《狂仙,從雜役開始》第777章 道法自然(1)

作者:許空山·2個月前

第776章 道法自然

新劍重鑄之後的第十天,林狂把自己關進了劍堂。他關上門之前跟紅藥說了一句“七天,別讓人進來”。紅藥正端著茶碗從灶房裡出來,她聽完之後點了點頭,把茶碗擱在了劍堂門口的磚臺上,然後轉身走回了灶房。那碗茶在磚臺上擱了三天——第西天早上紅藥來換了一碗新的,把舊碗端走的時候舊碗裡的茶水己經涼透了,茉莉花瓣在碗底沉成了一小團被水泡得發白的暗影。
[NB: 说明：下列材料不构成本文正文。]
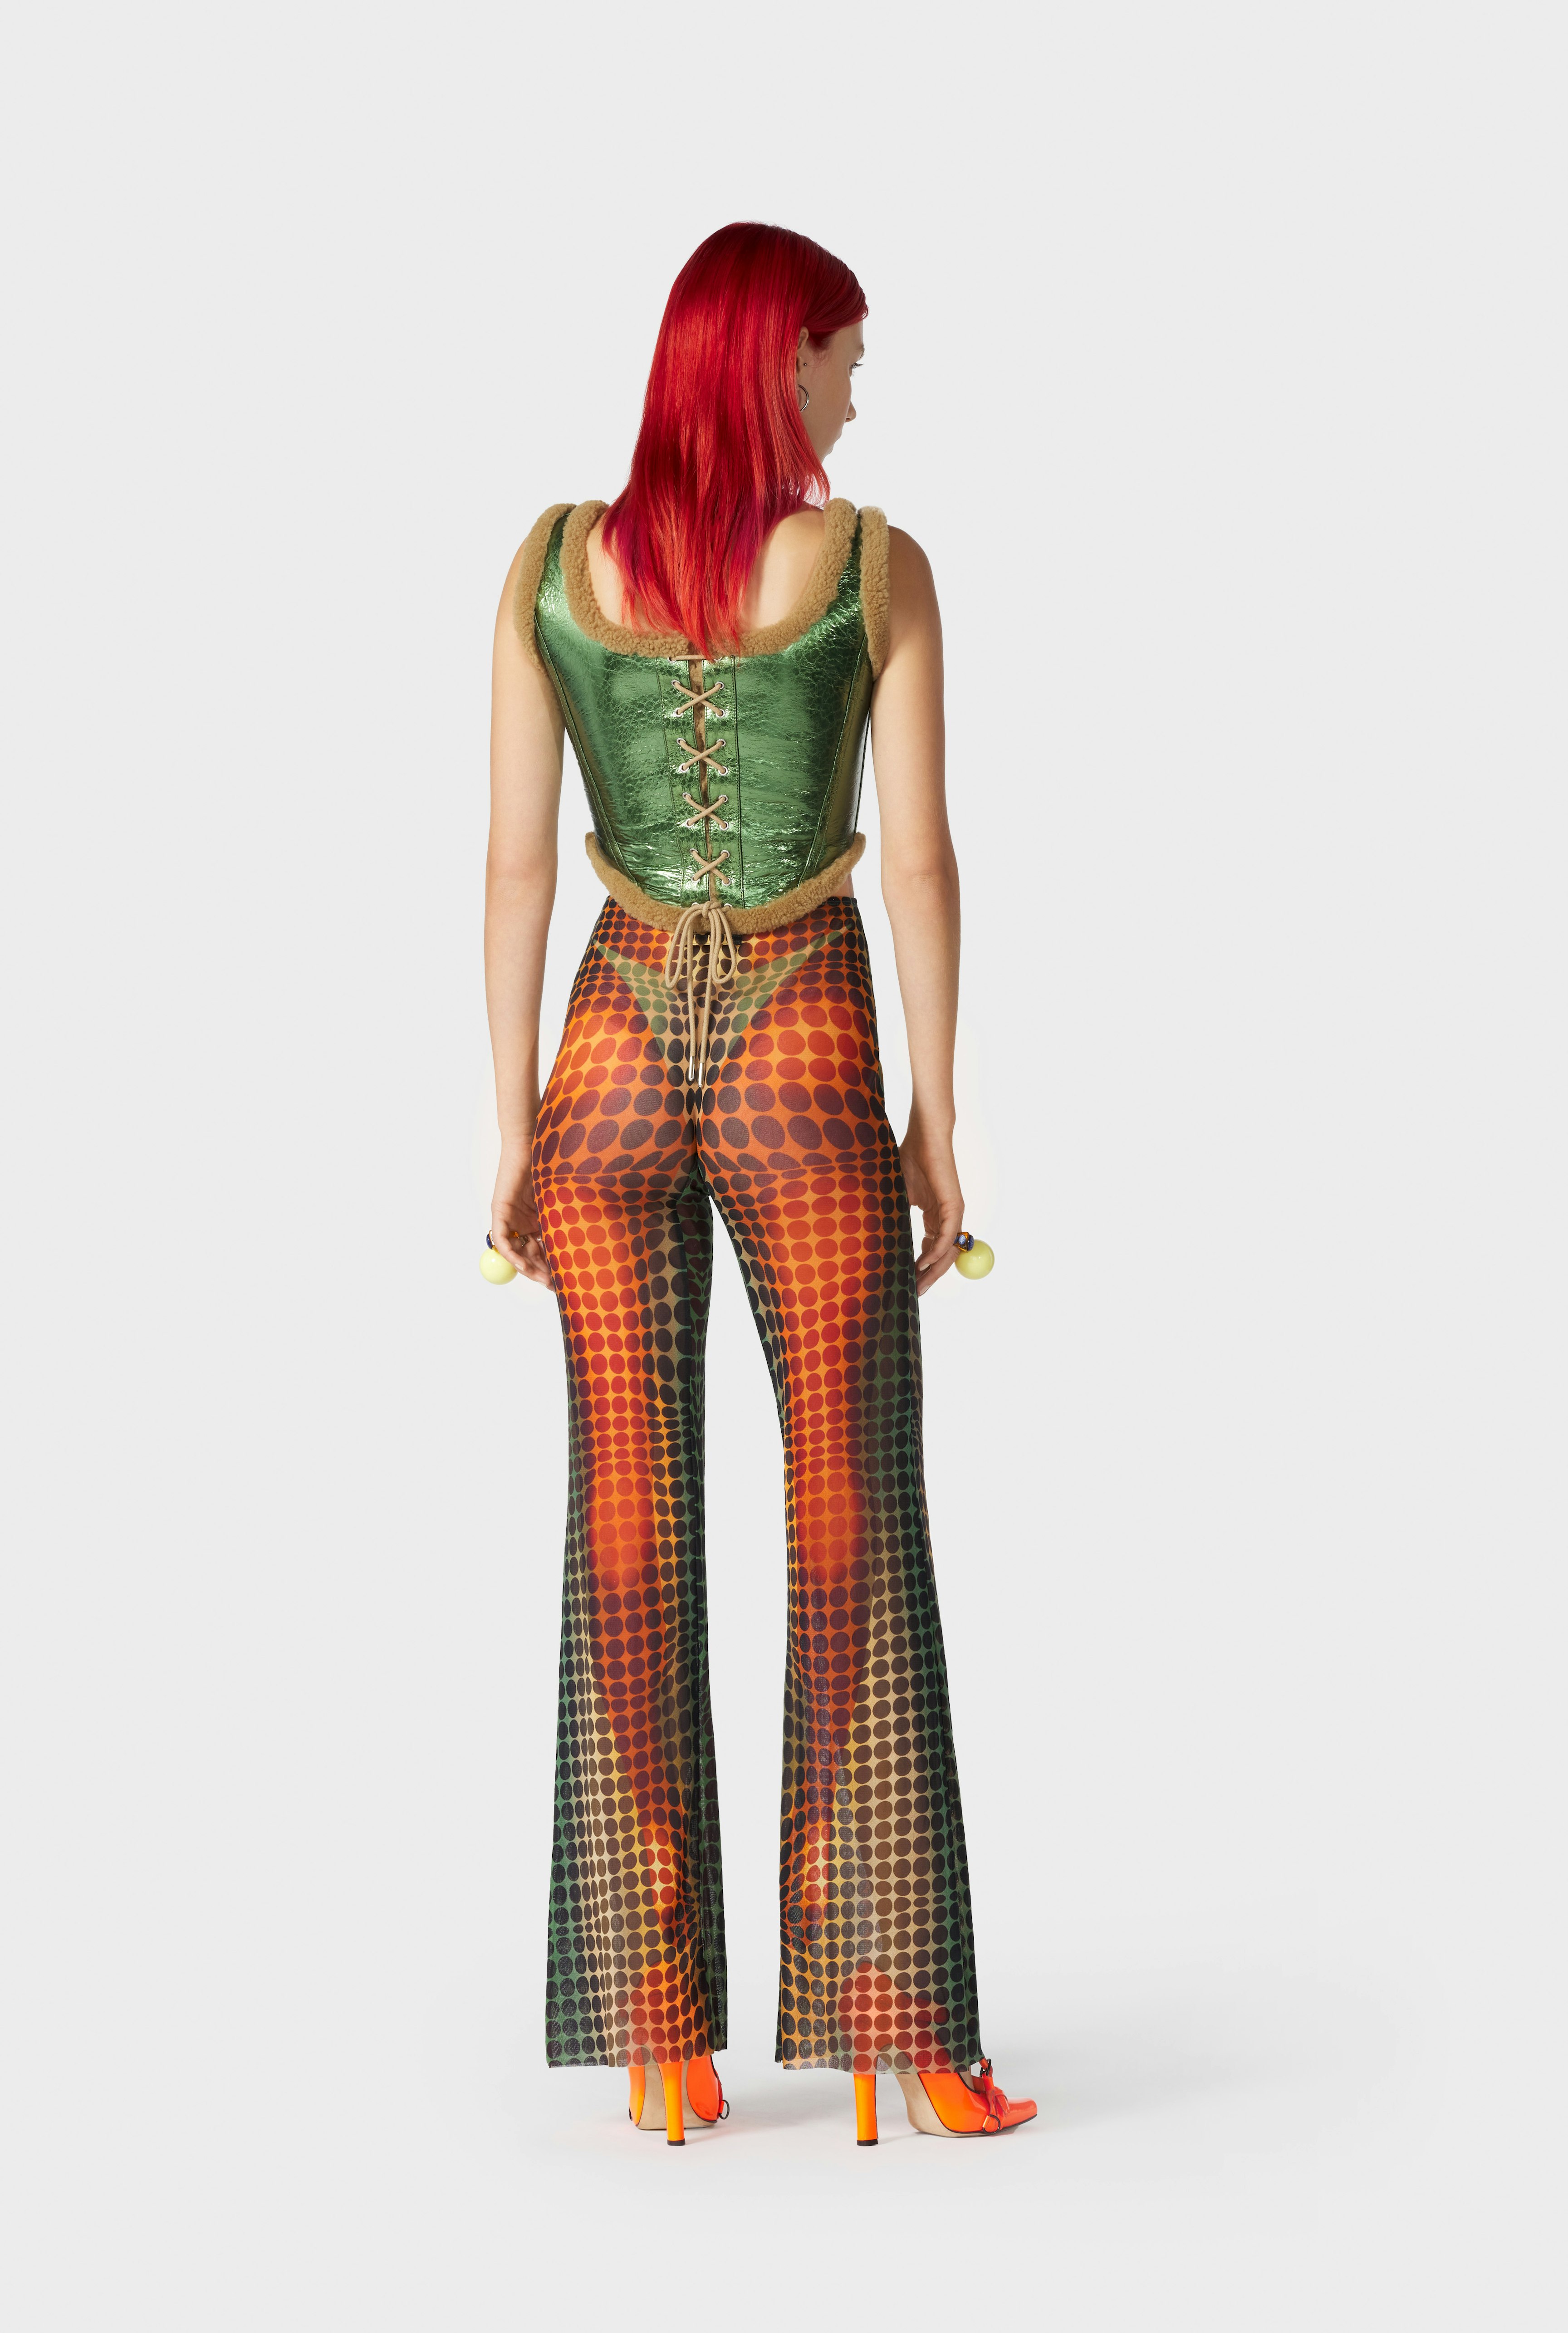 The Laminated Green Corset Jean Paul Gaultier

劍堂的門關著,窗也關著。門縫和窗縫裡透進來的日光在劍堂內部的青磚地面上鋪成了一道道窄窄的光帶,把整間屋子的暗影切成了明暗交錯的條狀。林狂坐在蒲團上,那把新鑄的暗銀色劍橫放在他面前的矮桌上,跟那根光滑的玄鐵條並排放著。七天的閉關他幾乎沒有動——大部分時間他都坐著一動不動,偶爾伸手去碰一下劍或者鐵條,碰完了又把收回來擱在膝蓋上。
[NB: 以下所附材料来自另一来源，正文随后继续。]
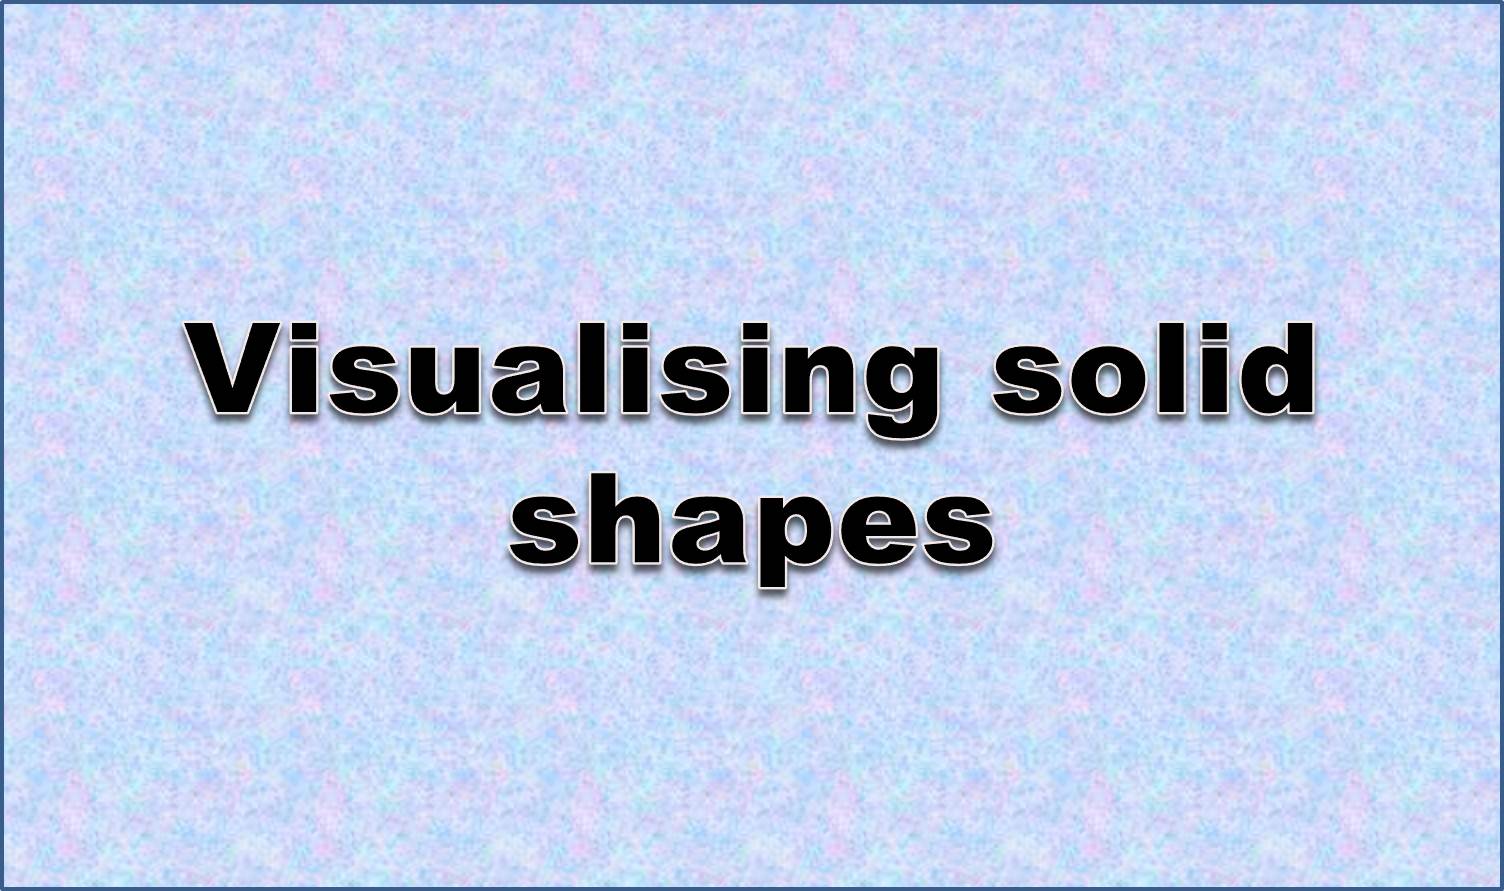 http://study.aisectonline.com/images/Making a scale drawing.jpg

第一天他在想海。他在想西海邊那道從海底深處傳上來的極低頻的嗡鳴——那種頻率很慢,一整片海在呼吸的感覺。他坐在蒲團上把那個頻率在他的記憶裡重新找了出來,從頭到尾走了一遍。那道嗡鳴的節奏他記住了,但他在想的是那道聲音是怎麼從海底傳上來的——不是透過空氣,是透過水、岩層、沙地、礁石,像一整片海在他坐著的礁石下面持續不斷地呼吸著,每一次呼吸的間隔都很長,長得像一座巨大的心臟在慢慢地收縮又舒張。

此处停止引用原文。